33 % Förderung für Elektrostapler 2026: BAFA Modul 6 erklärt
33 % Förderung für Elektrostapler 2026: BAFA Modul 6 erklärt
Die kurze Antwort: Kleine Unternehmen können im Förderprogramm „Bundesförderung für Energie- und Ressourceneffizienz in der Wirtschaft“ nach Modul 6 eine Förderquote von 33 % erhalten, wenn sie eine mindestens fünf Jahre betrieblich genutzte, eigene und voll funktionsfähige fossil betriebene Anlage durch eine ausschließlich elektrische Neuanlage gleichen Zwecks ersetzen. Elektrostapler werden im offiziellen Merkblatt ausdrücklich als Beispiel genannt. Das ist keine pauschale Kaufprämie, kein automatischer Batteriebonus und kein GSZ Rabatt.
Förderung in 60 Sekunden
| Programm | EEW, Modul 6: Elektrifizierung von kleinen Unternehmen |
|---|---|
| Zielgruppe | Kleine Unternehmen nach EU-Definition |
| Förderquote | 33 % der förderfähigen Investitionskosten |
| Mindestinvestition | 2.000 Euro |
| Maximaler Zuschuss | 200.000 Euro je zusammenhängendem Vorhaben |
| Altanlage | Fossil betrieben, mindestens fünf Jahre betrieblich genutzt, im Eigentum und voll funktionsfähig |
| Neuanlage | Ausschließlich elektrisch und mit gleichem Verwendungszweck |
| Beihilferahmen | De-minimis |
| Wichtigster Zeitpunkt | Kein förderschädlicher Maßnahmenbeginn vor Bewilligung |
Die Tabelle ist ein Schnellcheck, keine Bewilligungszusage. Unternehmensgröße, Vorhaben, Kosten, Altgerät, Vertragsstatus und beihilferechtlicher Spielraum werden im Antrag geprüft.
Warum viele „33-%-Angebote“ zu kurz greifen
Werbung reduziert die Förderung oft auf eine Zahl. Für die Beschaffung ist jedoch die Kette dahinter entscheidend: Unternehmen → Altgerät → gleicher Zweck → elektrische Neuanlage → Antrag → Bewilligung → Auftrag → Umsetzung → Nachweis. Fällt ein Glied aus, kann die Quote trotz geeignetem Elektrostapler unerreichbar sein.
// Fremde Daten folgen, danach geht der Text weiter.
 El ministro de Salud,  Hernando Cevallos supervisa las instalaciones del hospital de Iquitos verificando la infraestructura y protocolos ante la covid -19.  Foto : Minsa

Besonders missverständlich ist die Aussage „33 % auf Lithium-Batterien“. Modul 6 fördert die Elektrifizierung einer bisher fossil betriebenen Anlage. Batterie und Ladegerät können Teil der neuen Elektrostapler-Lösung sein, wenn sie dem Vorhaben eindeutig zugeordnet und als förderfähige Kosten anerkannt werden. Der isolierte Austausch einer Batterie in einem bereits elektrischen Stapler erfüllt den fossilen Ersatz nicht automatisch.
Der Sieben-Fragen-Selbstcheck vor der Modellsuche
- Ist das Unternehmen klein? Unternehmensgröße einschließlich verbundener und Partnerunternehmen nach EU-KMU-Regeln prüfen.
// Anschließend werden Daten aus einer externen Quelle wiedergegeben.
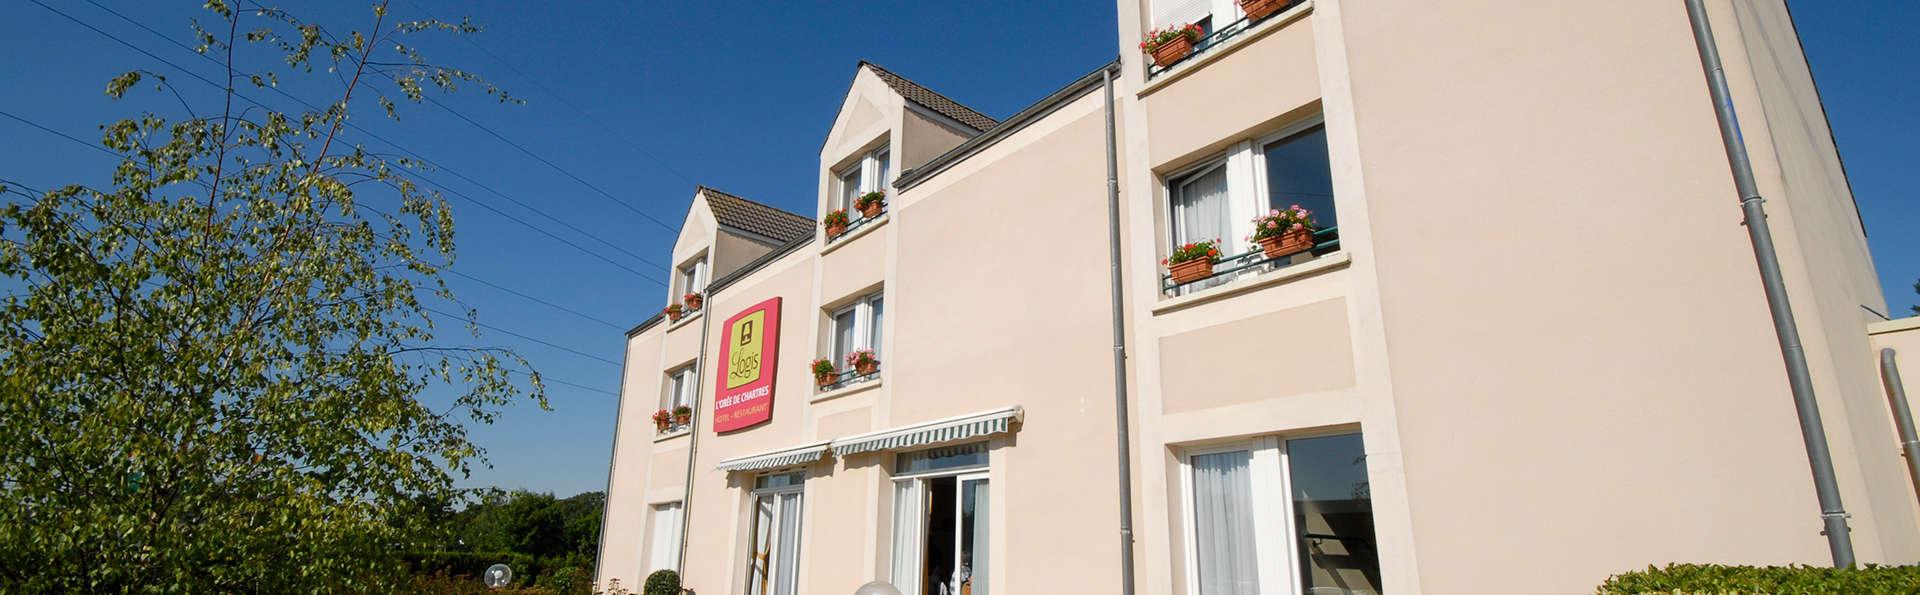 Logis L'Orée de Chartres - Edit_Front2.jpg

- Ist das Altgerät fossil? Der bestehende Stapler muss ausschließlich mit einem fossilen Energieträger betrieben werden.
- Ist das Altgerät mindestens fünf Jahre genutzt? Die betriebliche Nutzung muss nachvollziehbar sein.
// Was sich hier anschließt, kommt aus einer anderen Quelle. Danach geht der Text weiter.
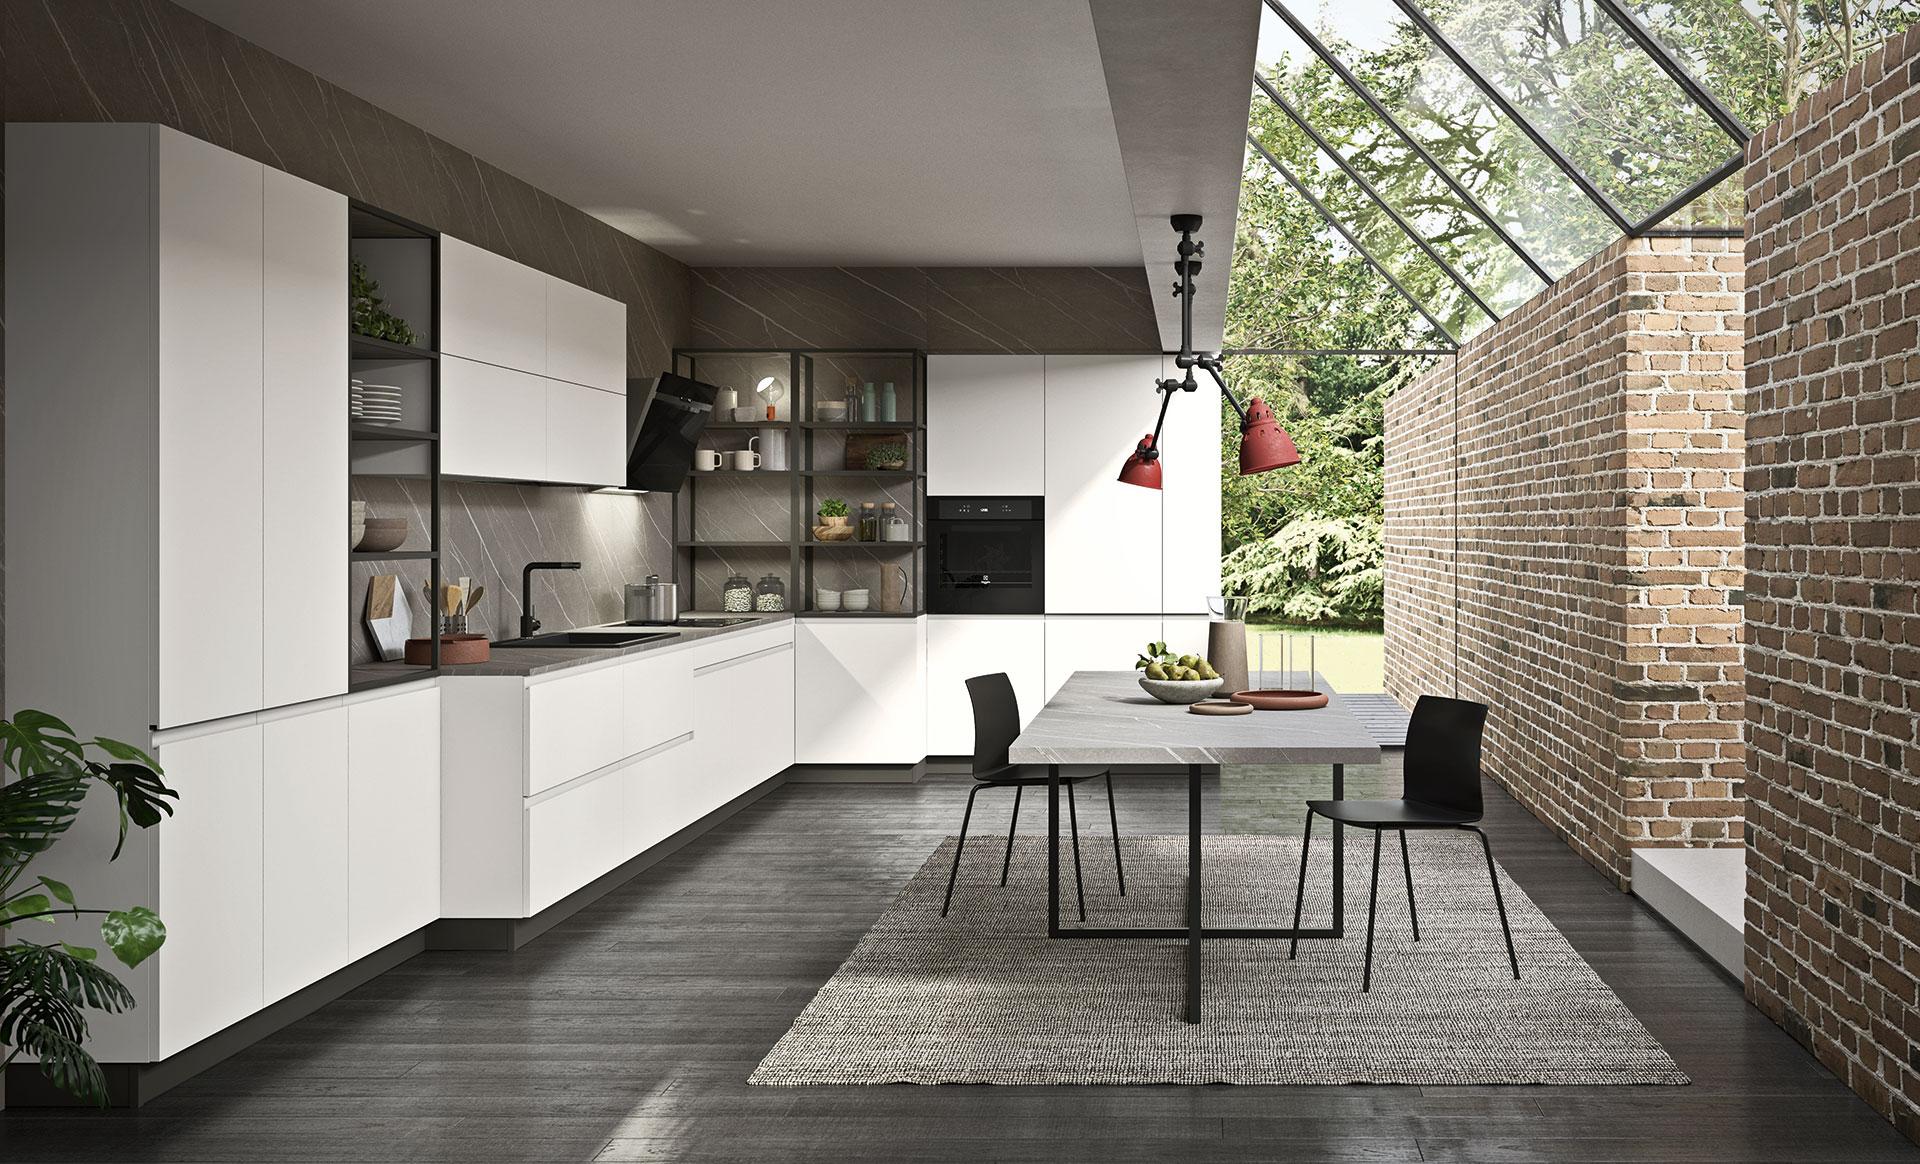 Un design originale per le cucine moderne antares - Cucine compatte ikea ...

- Gehört es dem Antragsteller? Eigentum und Zuordnung müssen dokumentiert werden.
- Ist es noch voll funktionsfähig? Modul 6 ist kein Entsorgungsbonus für eine ausgefallene Maschine.
- Übernimmt der Elektrostapler denselben Zweck? Last, Route und Prozess müssen vergleichbar beschrieben werden.
- Ist noch kein bindender Auftrag erteilt? Der Vertragsstatus ist vor jeder Unterschrift zu klären.
Wer eine dieser Fragen nicht belastbar mit Ja beantworten kann, sollte vor einer Bestellung prüfen, ob Modul 6 ausscheidet oder ein anderer Förderweg in Betracht kommt.
Was „gleicher Verwendungszweck“ beim Stapler bedeutet
Ein alter Dieselstapler und ein neuer Elektrostapler müssen nicht technisch identisch sein. Der betriebliche Zweck muss aber nachvollziehbar derselbe bleiben. Eine gute Beschreibung nennt keine abstrakte „Modernisierung“, sondern den realen Materialfluss: welche Lasten, zwischen welchen Punkten, in welcher Höhe, auf welchen Wegen und in welchem Schichtmodell bewegt werden.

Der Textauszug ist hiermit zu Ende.